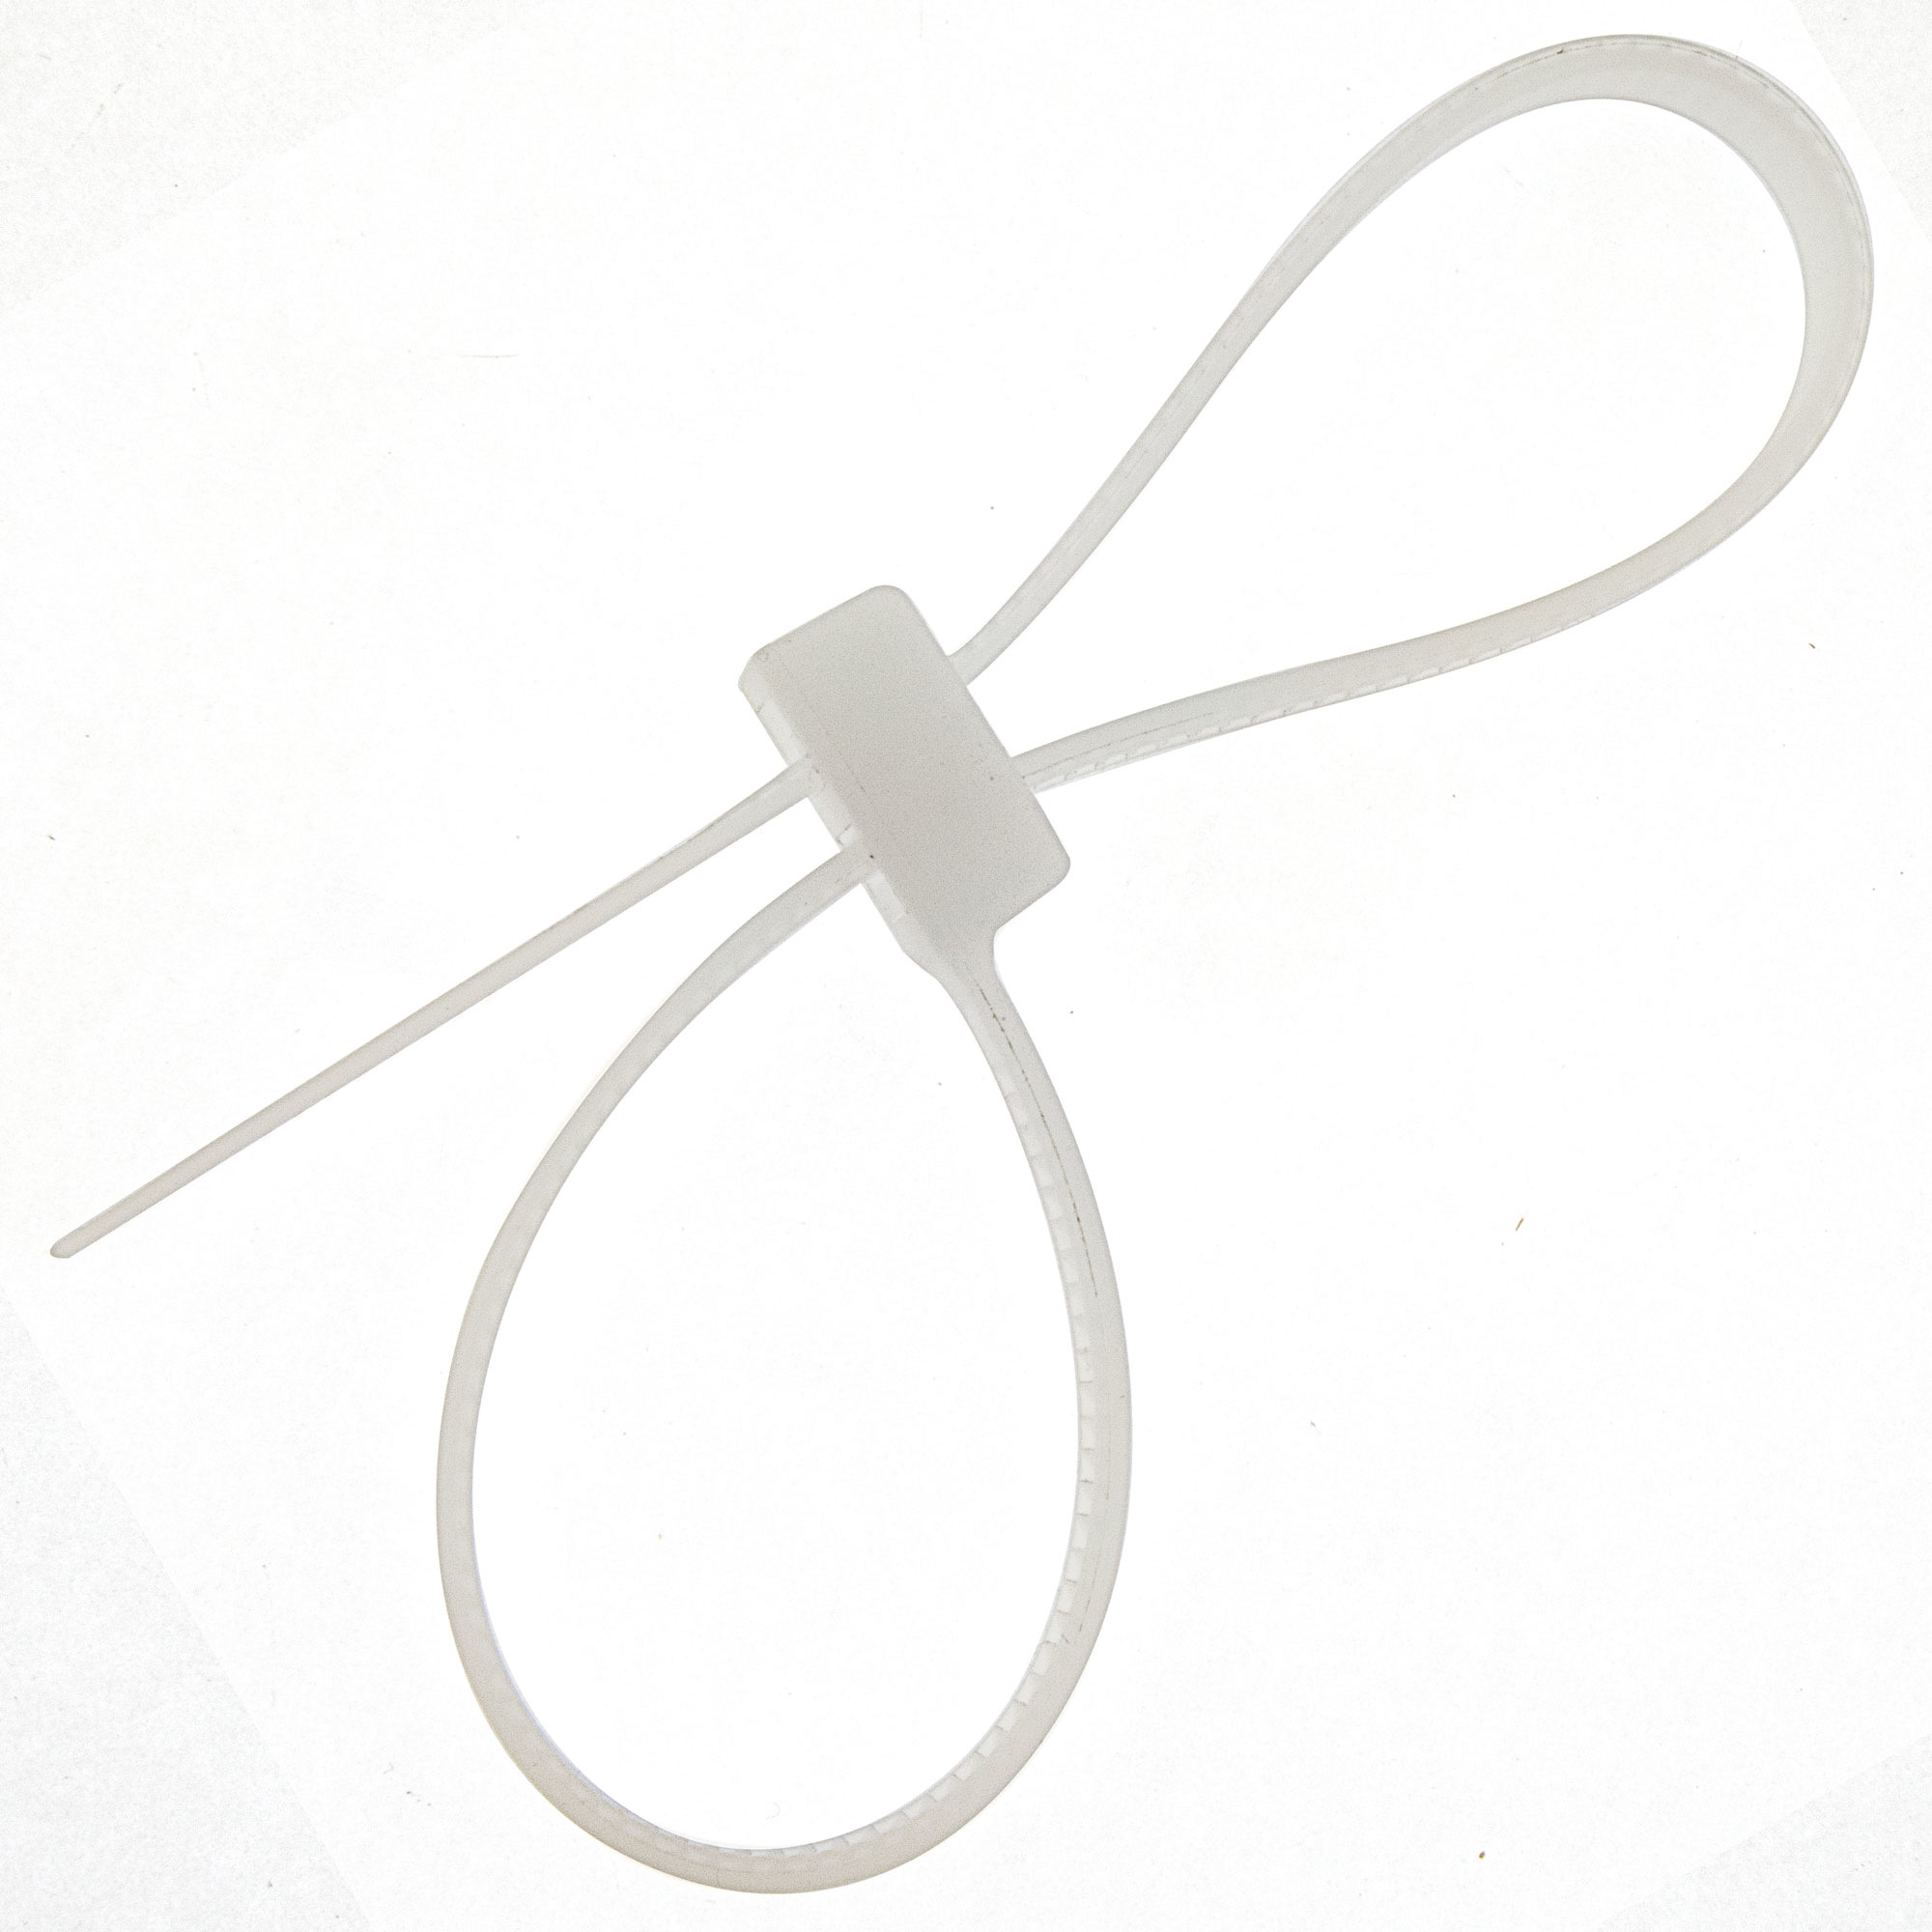 Cable tie double head 200 x 4,8mm, white, 100PCS
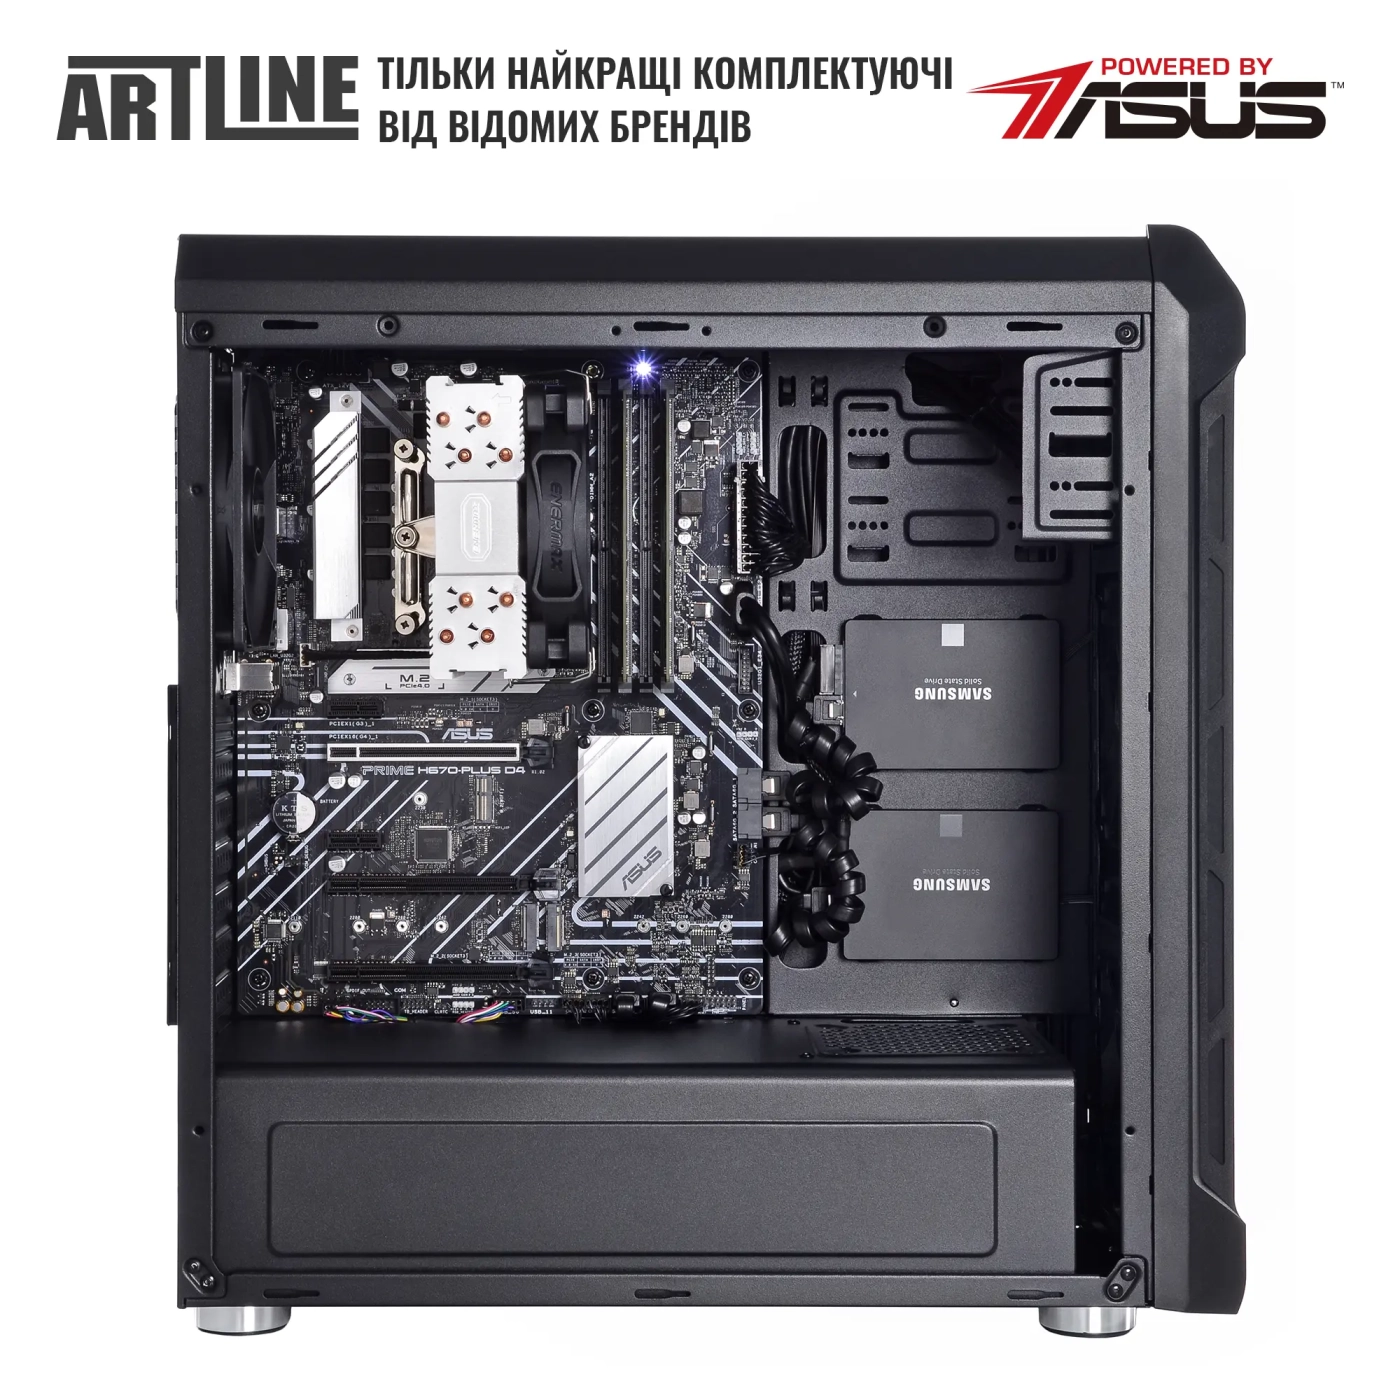 Купити Сервер ARTLINE Business T25 (T25v41) - фото 4
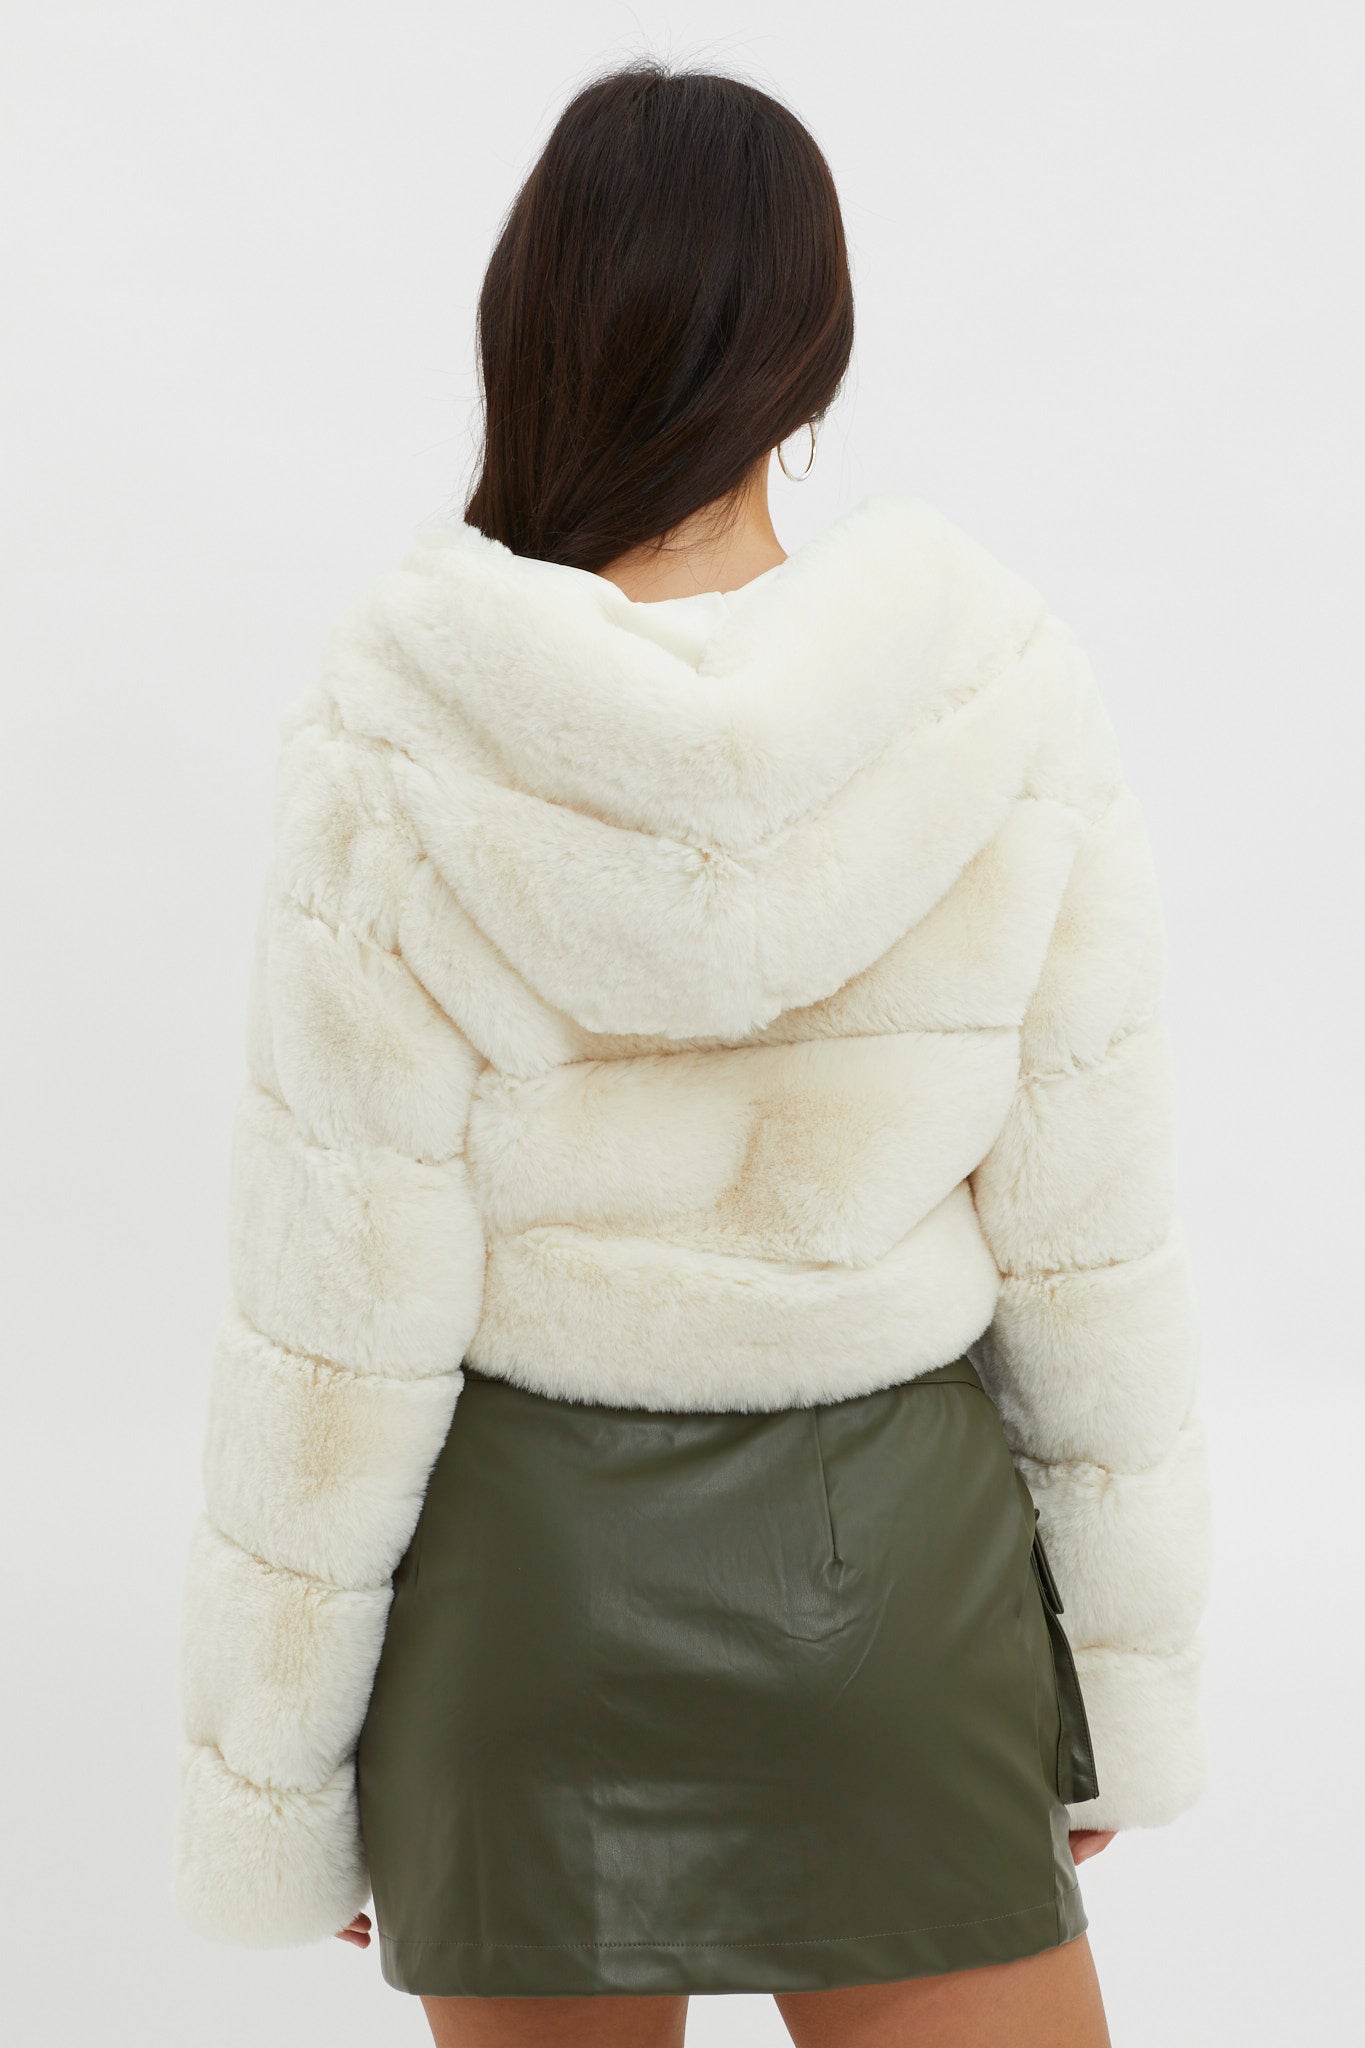 Abercrombie & Fitch Ivory Cream Faux Fur Women's Hooded Jacket Parka -  Medium | eBay
--------------------------------------------------
● **The problem**
The copy runs from the line containing "Купити Сервер ARTLINE" through the last line of the material, both ends included. Reproduce those lines exactly and drop the pictures.

● **Problem solution**
 Купити Сервер ARTLINE Business T25 (T25v41) - фото 4
 Abercrombie & Fitch Ivory Cream Faux Fur Women's Hooded Jacket Parka -  Medium | eBay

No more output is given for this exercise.